Le Gouvernement congolais passe à la vitesse supérieure contre la spoliation des biens de l’État à Kinshasa. Soixante-deux dossiers sont transmis à la justice, selon un communiqué du cabinet du ministre de la Justice daté du lundi 24 août. Il évoque un réseau présumé de faux-titres fonciers impliquant des officiers ministériels et des cadres de l’administration.
Le ministère de la Justice a saisi le Procureur général près la Cour de cassation pour ouvrir des poursuites contre les auteurs présumés de spoliation foncière. Soixante-deux dossiers sont sur la table. Ils concernent des parcelles et des immeubles appartenant à l’État, vendus ou cédés de manière frauduleuse.

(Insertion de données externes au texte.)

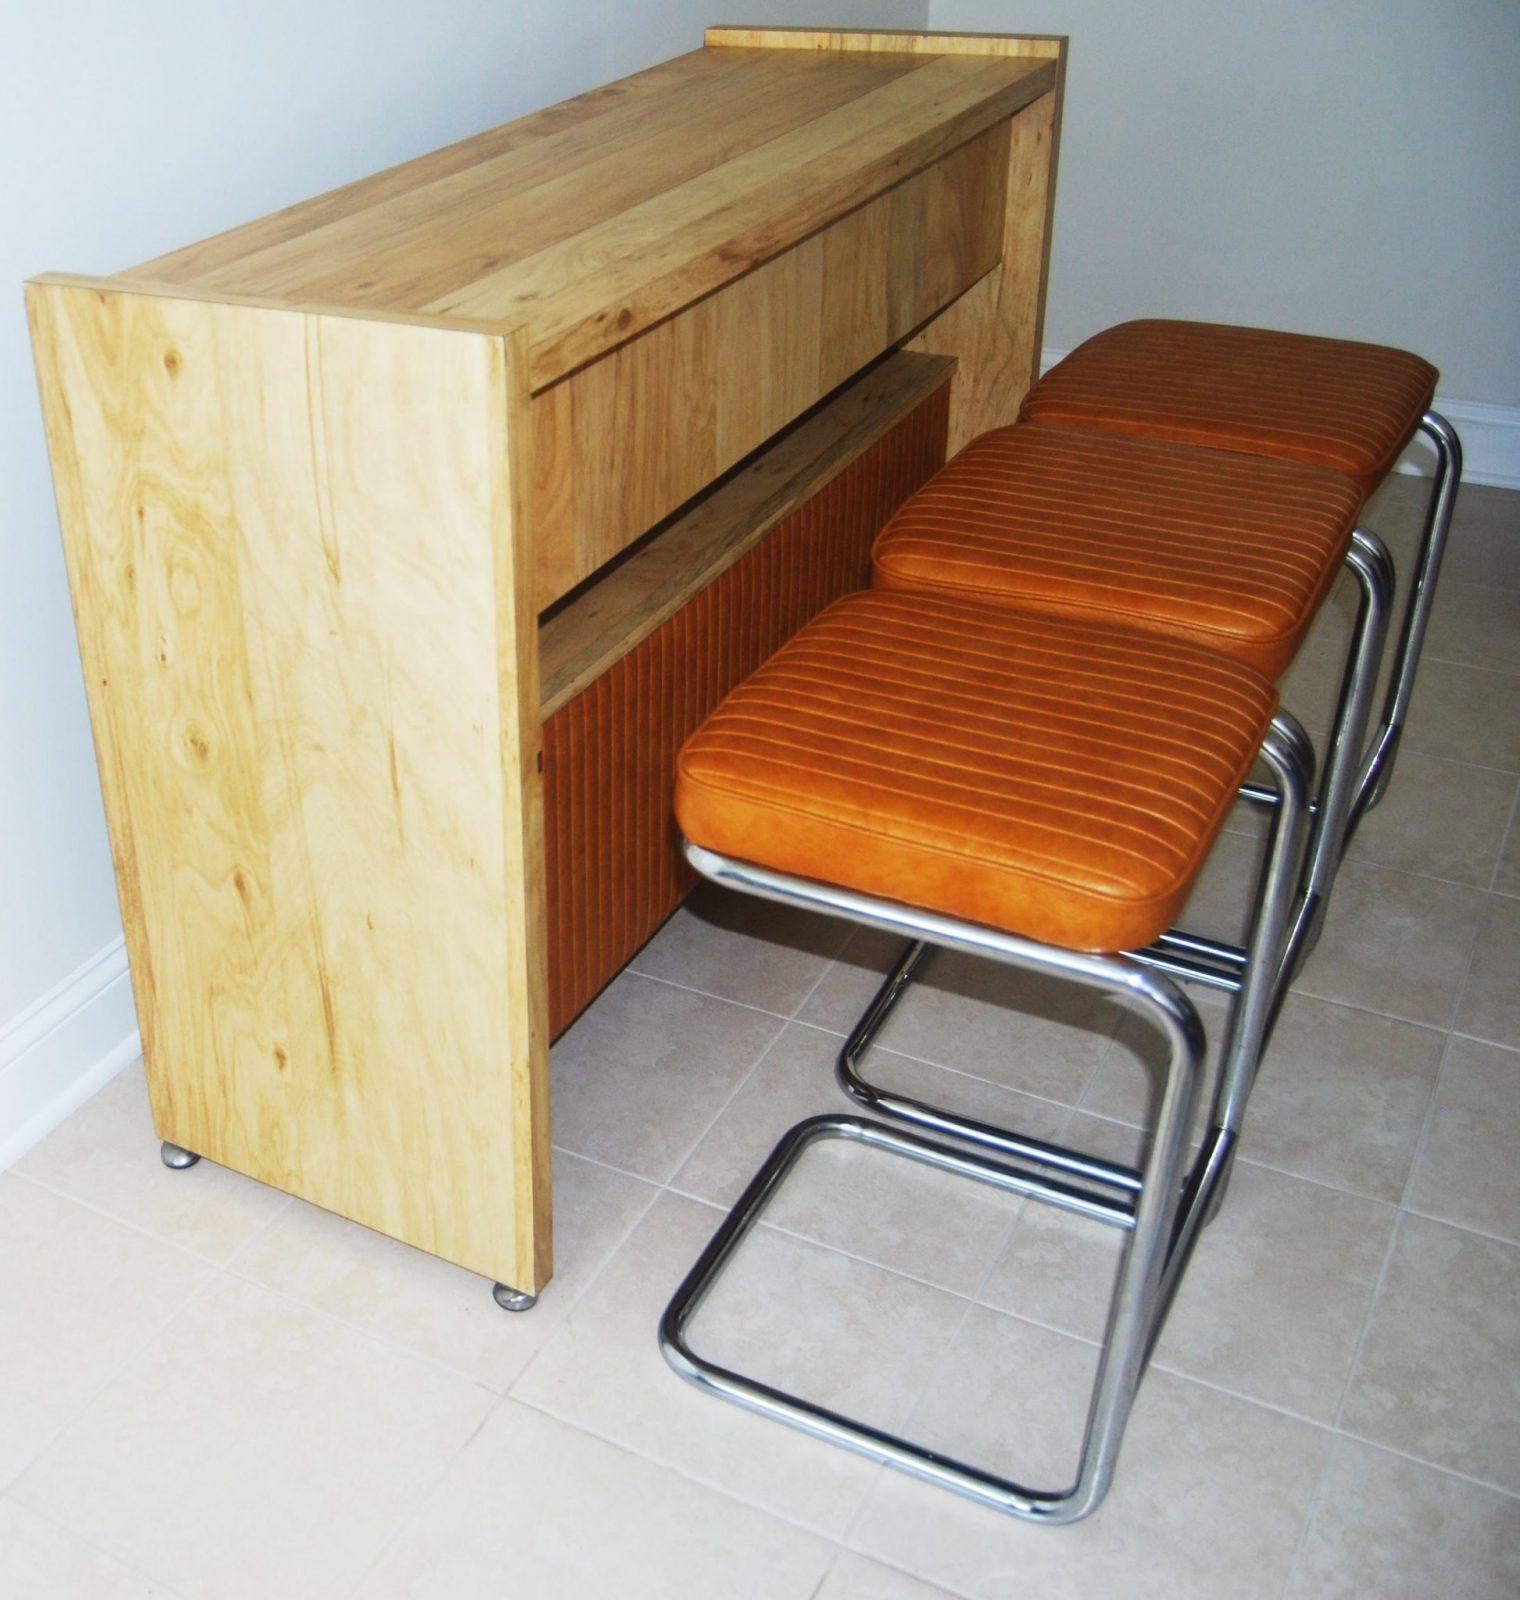 Modern Bar Sets: Mid-century Modern Bar With Matching Bar Stools
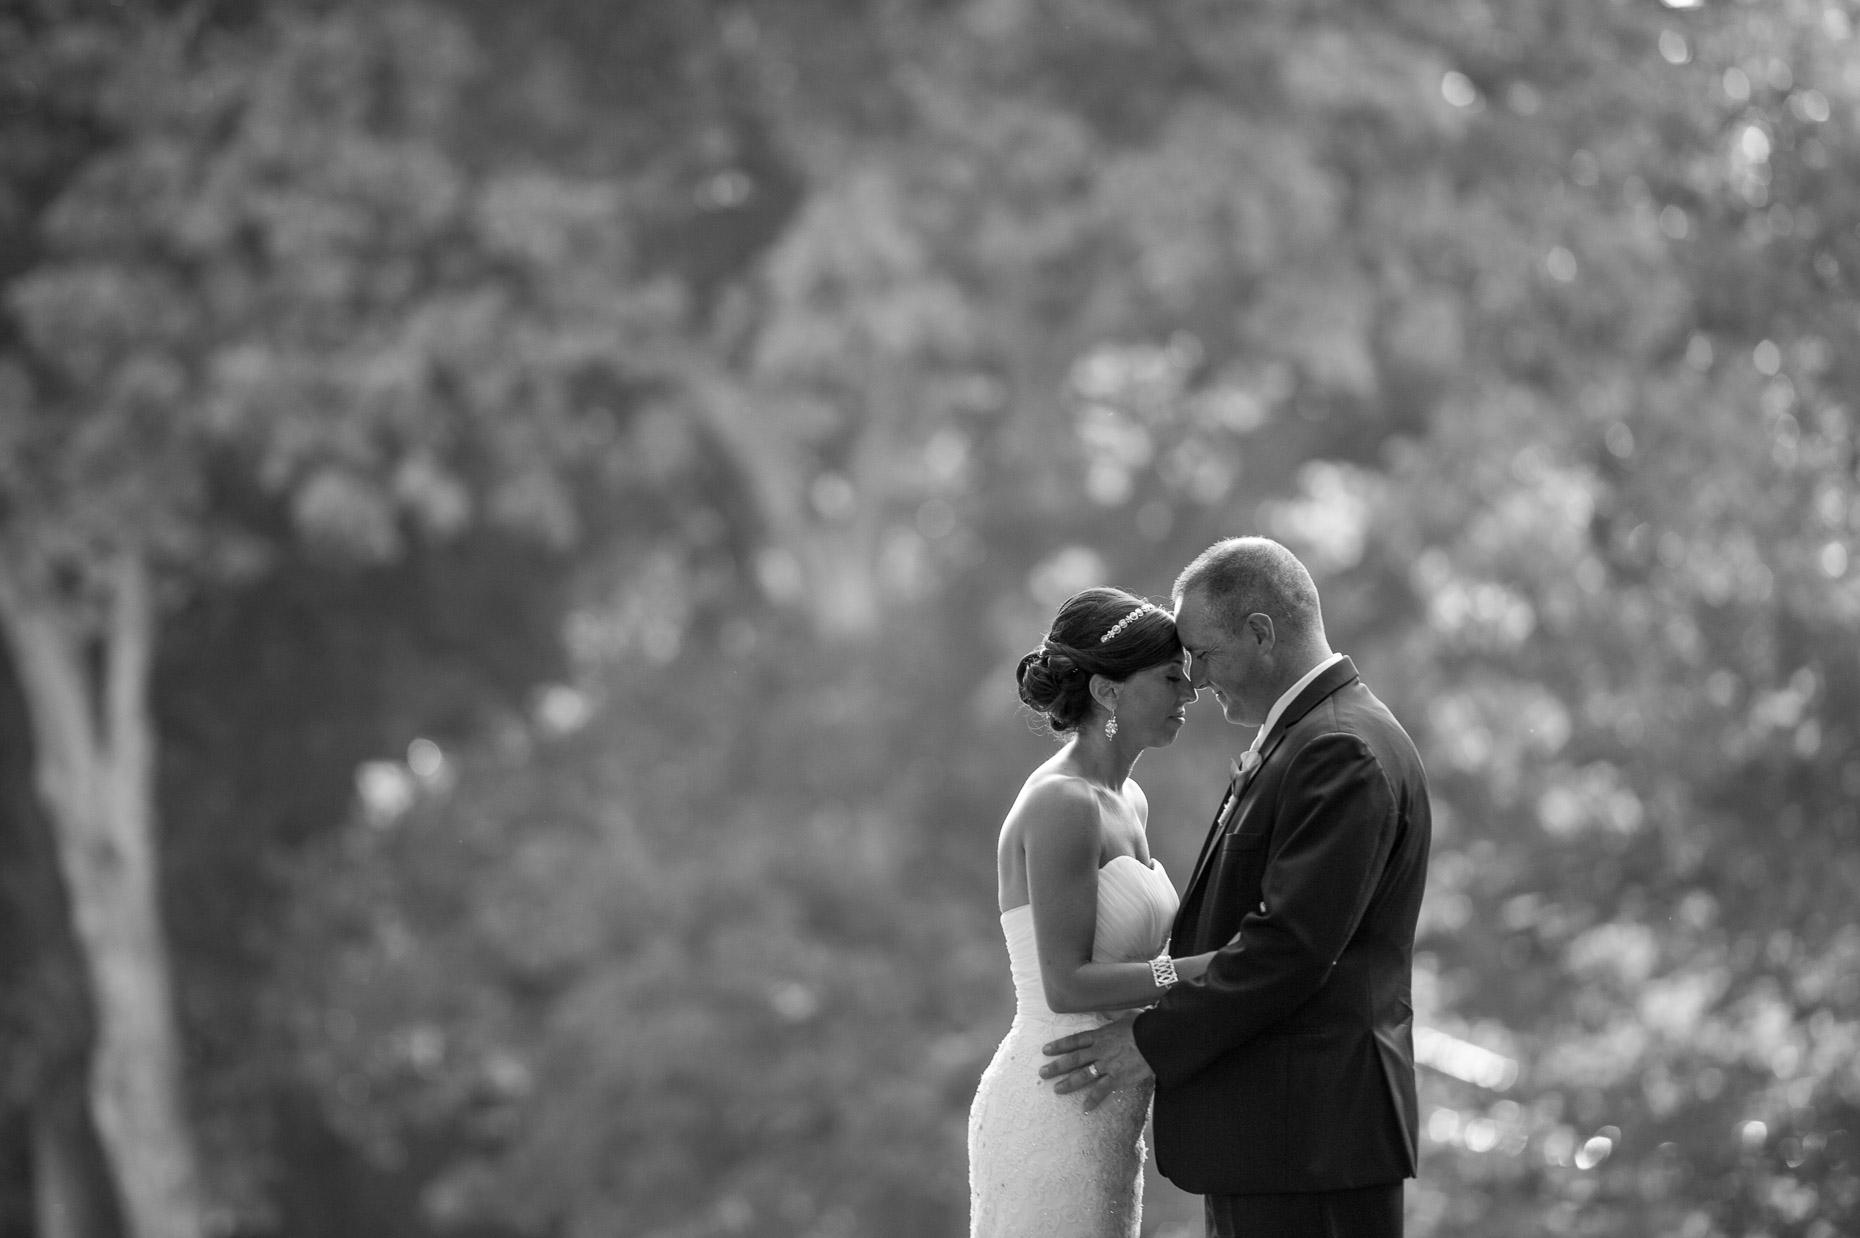 Weddings by Elliott O'Donovan - Washington DC_-4.jpg

Selon les enquêtes du ministère de la Justice, un réseau baptisé « Folioman » est mis en cause.
À sa tête du groupe, figure un certain Kipasa Kitakya. Autour de lui se trouvent des avocats, des huissiers, des greffiers, mais aussi des responsables des Affaires foncières et du Cadastre. Tous sont accusés d’avoir fabriqué de faux titres de propriété et d’avoir escroqué aussi bien l’État que des particuliers.
Cette action fait suite à une première injonction donnée en octobre dernier à l’Auditeur général des FARDC.
Aujourd’hui, le Gouvernement dit vouloir récupérer le patrimoine public spolié.
Pour l’instant, selon des sources judiciaires, aucun suspect n’a encore été inquiété. Les prochaines semaines diront si cette volonté politique se traduira par des condamnations et par la restitution effective des biens spoliés.